The last three years have tested the strength and resilience of America’s small businesses. While there are signs that economic conditions are improving, inflation has fallen faster than expected and the labor market continues to add jobs, SMEs are facing higher interest rates in 2023 and the threat of a looming recession. , and may feel the pinch of a persistent labor shortage. According to Peter Baumgarden, Koch’s Family Professor of Business, Olin, of the University of Washington in St. Louis, who teaches family-owned practices at his School of Business.
“Small businesses are a key driver of the U.S. economy, accounting for two-thirds of net new jobs and nearly half of U.S. economic activity,” said Baumgarden, who is also director of the Koch Family Business Center at Olin Business School. says Mr.
“Understanding and addressing the challenges facing SMEs is key to fostering long-term economic recovery. We can also do this by giving them a framework to know how to approach this market with agility.”
Challenge 1: Rising interest rates
In 2022, the Federal Reserve will hike interest rates sevenfold to a 15-year high in an aggressive attempt to combat inflation. Further hikes are expected in 2023.
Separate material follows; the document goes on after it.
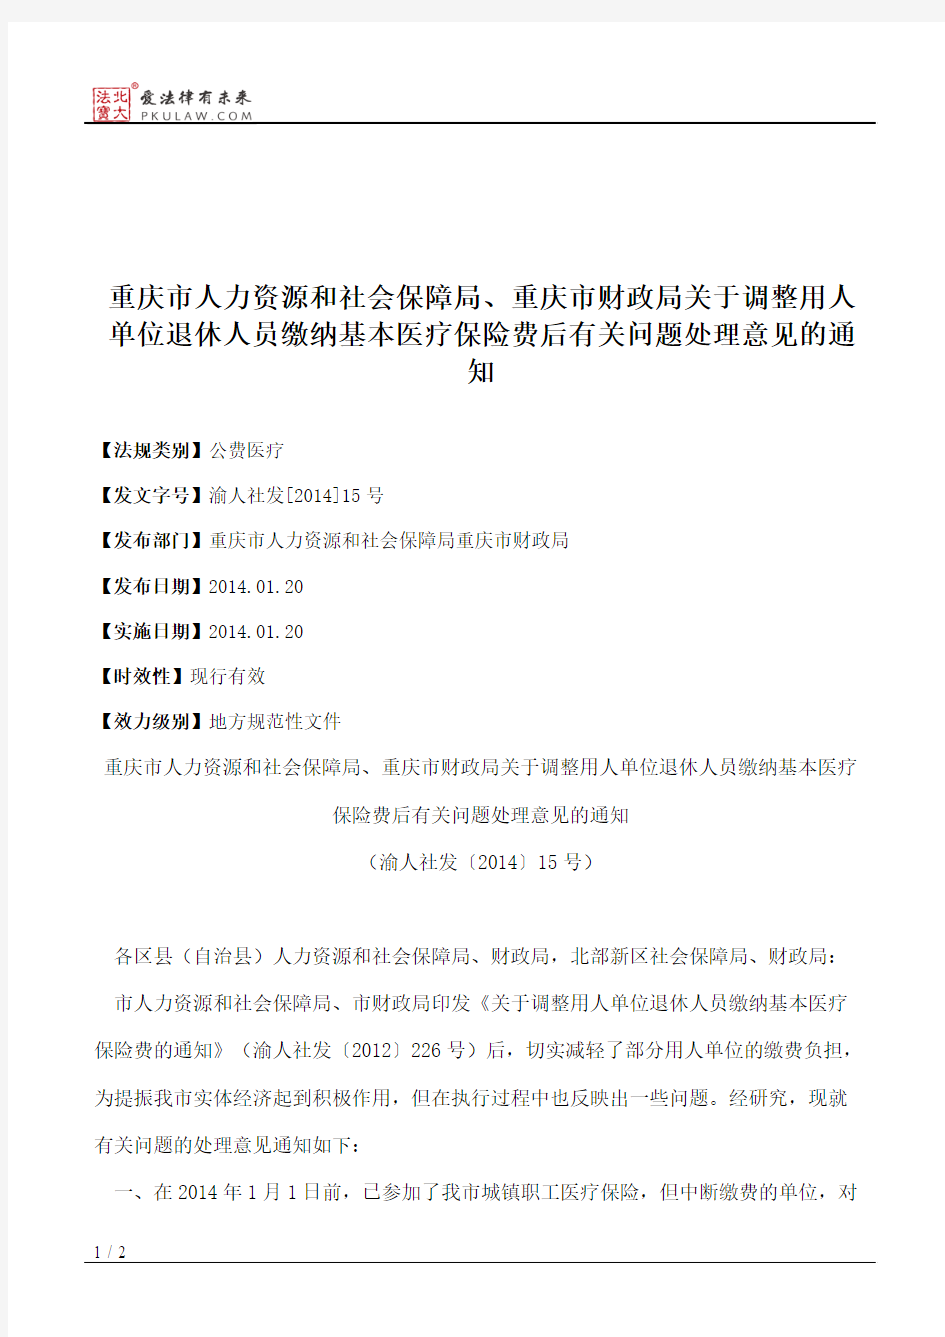 重庆市人力资源和社会保障局、重庆市财政局关于调整用人单位退休

“Rising interest rates will be one of the biggest challenges for small businesses across sectors as they limit access to capital that was relatively easy to obtain in the past,” Boumgarden said. rice field.
Boumgarden said as borrowing costs rise, many small business owners will reconsider plans to expand or underwrite large projects that traditionally require an infusion of business loans. increase. In some cases, these projects may put him on hold until 2023. Alternatively, you may look for other ways to fund your project, such as investing in your existing cash reserves.
“Many privately held companies will have to choose between prioritizing growth, liquidity or management, and changes in access to capital can also change that decision point.”
Challenge 2: Economy
Some economic challenges (especially inflation) are not felt equally across the industry.
“If we hit the headwinds of a recession, we need to consider how sensitive consumers are to these pressures and how they affect their buying behavior,” said Boumgarden.
In general, the industries big and small that will be hit hardest by a recession are real estate, construction, manufacturing, retail, leisure and hospitality, Boumgarden said.
“What makes these industries particularly vulnerable is that consumers are more sensitive to price changes. “Everything can affect your top line,” he said.
Restaurant owners, for example, are already feeling the effects of higher food prices and higher wages, he said. Relatively low profit margins often force them to increase menu prices. But that means cost-conscious consumers will have to make choices such as eating out less or opting for cheaper chains.
“If buyers don’t want to pay more, they have to consume a higher cost of goods and therefore have to live on tighter margins. means that a game of chess should be played on how it will affect the financial results of
Challenge 3: Labor
“I’ve heard complaints like, ‘No one wants to work anymore,’ but the real problem is more complicated,” says Boumgarden.
“Research by the Brookings Institution shows that many systemic issues, including declining immigration, lack of childcare, under- and unequal investment in talent, and discrimination affect the labor pool available to small businesses. Small businesses can do small things to address these issues, but policy innovation is also needed.”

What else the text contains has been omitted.